To many in the local peace movement, the deal, inked by Mayor Bob Kiss and Lockheed Martin senior vice president Ray Johnson, sounded surreal, like a Hollywood pitch for the weirdest mismatched-buddies movie ever:

One is a former Vietnam War resister and community organizer who raises doves in his spare time and now presides over the nation’s greenest and most livable city. The other is the chief technology officer for the world’s largest manufacturer of fighter jets, battleships and nuclear missiles. Together, this unlikely duo takes on the greatest threat yet to humanity’s future: global warming!
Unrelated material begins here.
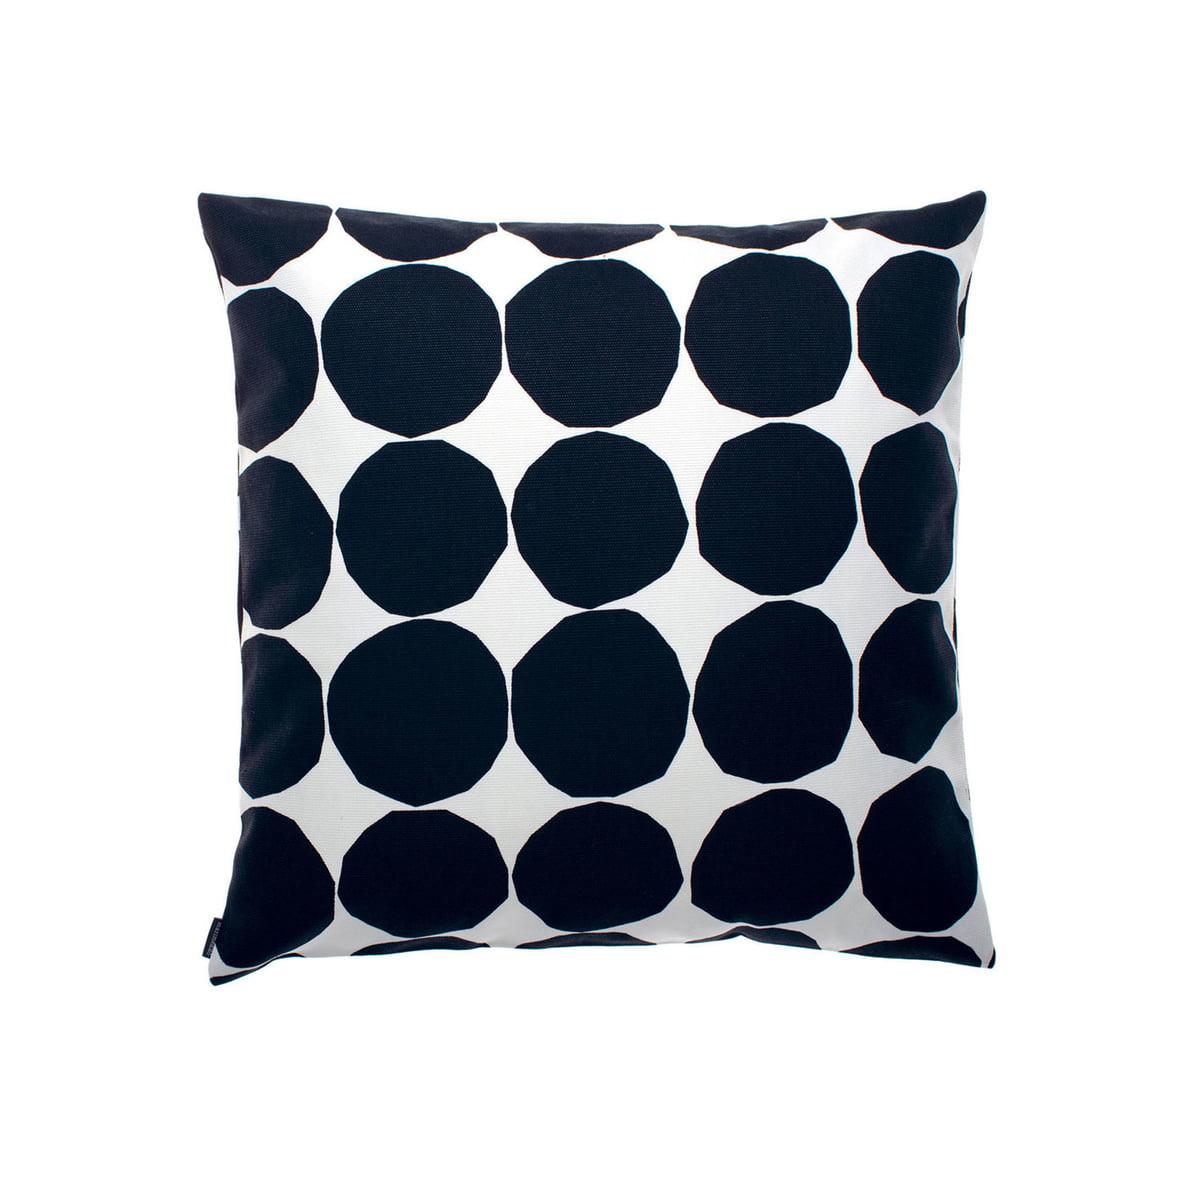 sofa kissenbezge 50x50 excellent herrlich kissen bezug. Black Bedroom Furniture Sets. Home Design Ideas

If the storyline sounds like a satirical comedy, nobody is laughing — certainly not the protesters who came out in force to Monday night’s city council meeting. Nearly all were there to voice their anger, shock and dismay that the Queen City would partner with a corporation that only a week earlier was singled out by U.S. Sen. Bernie Sanders — a former Burlington mayor — as one of the worst perpetrators of criminal fraud against U.S. taxpayers ever. None spoke in favor of the deal.

Many in Monday night’s crowd of about 100 echoed the sentiments put forward in a resolution, sponsored by Ward 3 City Councilor Emma Mulvaney-Stanak, which calls on the city to codify standards for companies that want to partner with Burlington. As Mulvaney-Stanak put it, “We need to have a common understanding of what our community values are, so it’s not just anybody we’re going into an agreement with.”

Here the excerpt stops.